TdR) for 1-hr was used to assess the effects of E2 and ICI treatment for 48-hrs on DNA

synthesis rate.

FCS: cells were maintained in medium containing 10% foetal bovine serum throughout

the experiment. The data shown (±S.D.) are representative of multiple determinations

carried out in replicate.

Figure 3. Distinct responses of PR1 cells to progressive estrogen receptor blockade

with the antiestrogen ICI 182,780. A. Effects of 48-hrs blockade of estrogen signaling

with the indicated concentrations of ICI 182,780 on DNA synthesis rate (full circles),

measured by pulse-labeling with radioactive thymidine, cell growth (full squares),

25

measured by labeling with radioactive thymidine for 24-hrs, cdc-2 cyclin-dependent

kinase activity (open lozengues), ERE-tk-luc activity (open triangle). Each point is the

mean ±S.D. of at least two determinations carried out in triplicate. B. Whole cell lysates

were prepared for evaluating by Western blotting intracellular prolactin (PRL) and

cyclin D3 (D3) protein content after 48-hrs treatment of the cells as described above.

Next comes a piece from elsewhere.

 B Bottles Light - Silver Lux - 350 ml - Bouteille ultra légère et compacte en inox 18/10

ERK1/2 assessment in the same blot or sample have been used for normalization and

the results are reported (ERKs).

FCS: cells were maintained in medium containing 10% foetal bovine serum throughout

the experiment. The data shown (±S.D.) are representative of multiple determinations

carried out in replicate.

Figure 4. Analysis of PR1 cells viability following estrogen deprival and re-stimulation

or anti-estrogen treatment. A. Representative cytofluorimetric profile: cells growing in

medium containing 10% FCS medium were analyzed before (upper panel) or after

treatment with ICI 182,780 (10-6M; lower panel). M1 indicate the pre- G1 fraction of

dead cells. B. Kinetics of induction of cell death by ICI 182,780 treatment of PR1 cells.

C. Kinetics of induction of PR1 cell death upon culture in estrogen-free medium (C),

without or with ICI 182,780 (ICI), and reversal by stimulation with 17β-estradiol (E2).

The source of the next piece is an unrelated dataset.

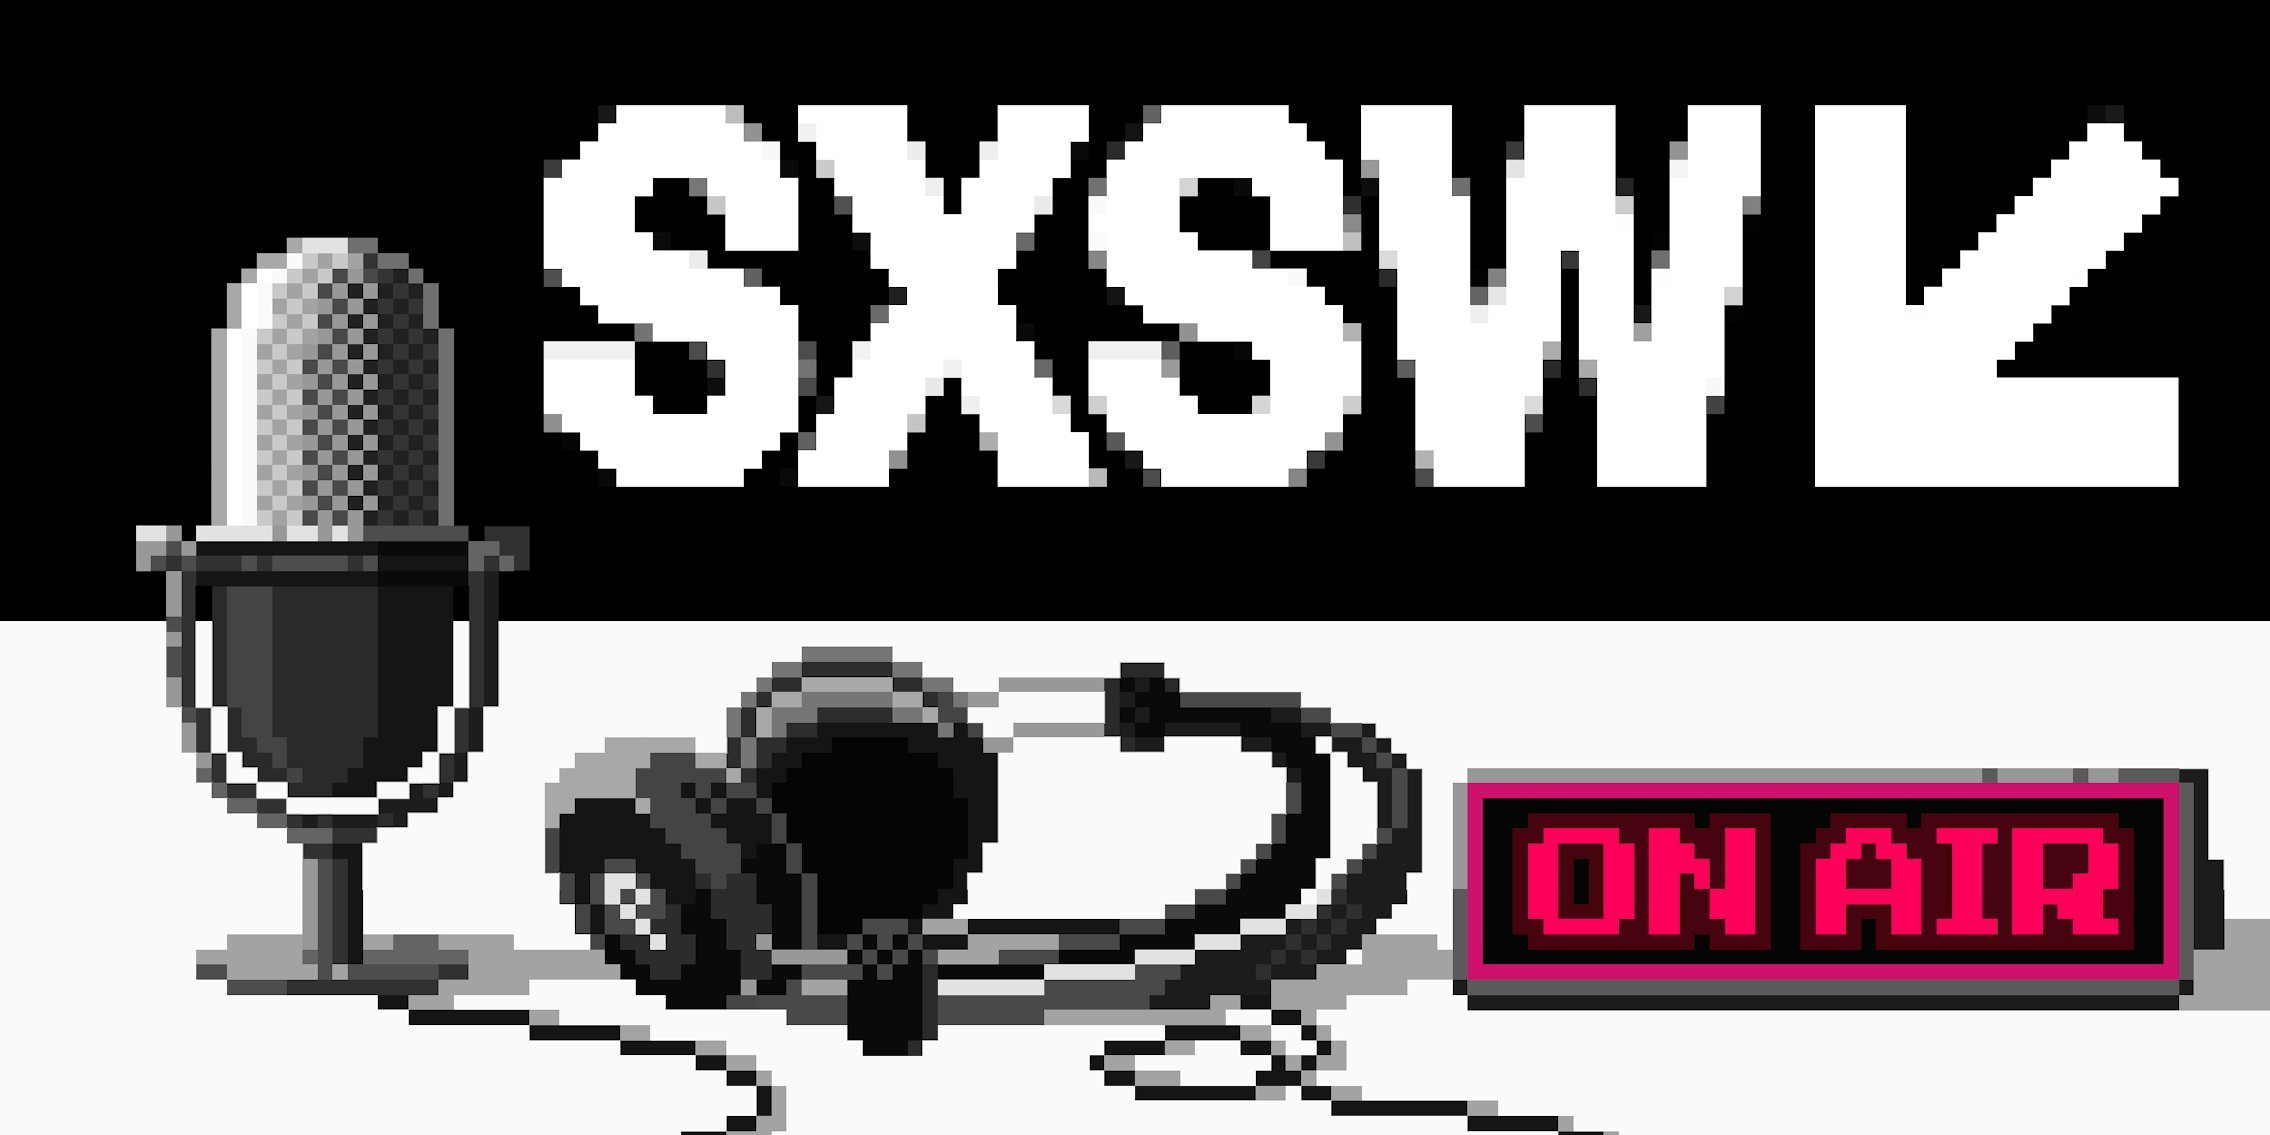 Upstream podcast discusses SXSW

D. Cells were maintained in estrogen-free medium (C) for 2 days, before treatment with

E2 10-9 M or ICI 10-8 M for 24-hrs and then were analyzed for Annexin V/BOBO-1

double staining by fluorescence microscopy.

FCS: cells were maintained in medium containing 10% foetal bovine serum throughout

the experiment. The data shown (±S.D.) are representative of multiple determinations

carried out in replicate.

Figure 5. Caspase-3 expression level and activity in PR1 cells following estrogen

blockade with ICI 182,780. A. Expression levels of caspase 3 mRNA in cells treated as

indicated with either 17β-estradiol (E2) or ICI 182,780 (ICI) were assessed by a

multiple RNAse protection assay. The signals corresponding to the mRNA of the house

keeping genes L32 and GAPDH are also shown for normalization. Cells were

maintained in whole medium containing 10% foetal bovine serum (FCS) or phenol red-

free medium containing charcoal-stripped serum (DCC) throughout the experiment. B.

26

Cells were treated with 10-6 M ICI 182,780 for the indicated times before evaluation of

caspase-3 enzyme activity in cell extracts by a colorimetric assay, as described in the

Methods section. Where indicated, cells were maintained in DCC medium without (C)

or with (E2) 10-9 M 17β-estradiol for 48hrs before analysis.

The data shown (±S.D.) are representative of multiple determinations carried out in

replicate.

Figure 6. Effects of MEK and c-Src inhibition on estrogen-induced stimulation

evaluated on different PR1 cells parameters: DNA synthesis rate, endogenous gene

expression, cell proliferation and prevention of cell death. PR1 cells cultured in

estrogen-free medium (C) were treated with the indicated concentration of 17β-

estradiol (E2) in the presence of 2µM c-Src kinase inhibitor PP-1 or of 30µM MEK

inhibitor U0126 (dissolved in DMSO). A. DNA synthesis rate was assessed after 48-hrs

of treatment by pulse-labeling with radioactive thymidine. B. Prolactin (PRL) and

cyclin D3 (D3) expression in the cells were evaluated by Western blotting after

normalization for ERK protein expression in the same blot or sample. C. Extent of cell

death in the cultures evaluated by cytofluorimetric analysis. D. Growth of the cultures

assessed by cell labeling with radioactive thymidine for 24hrs or by direct cell count

(upper and lower panel, respectively).

The data shown (±S.D.) are representative of multiple replicate determinations.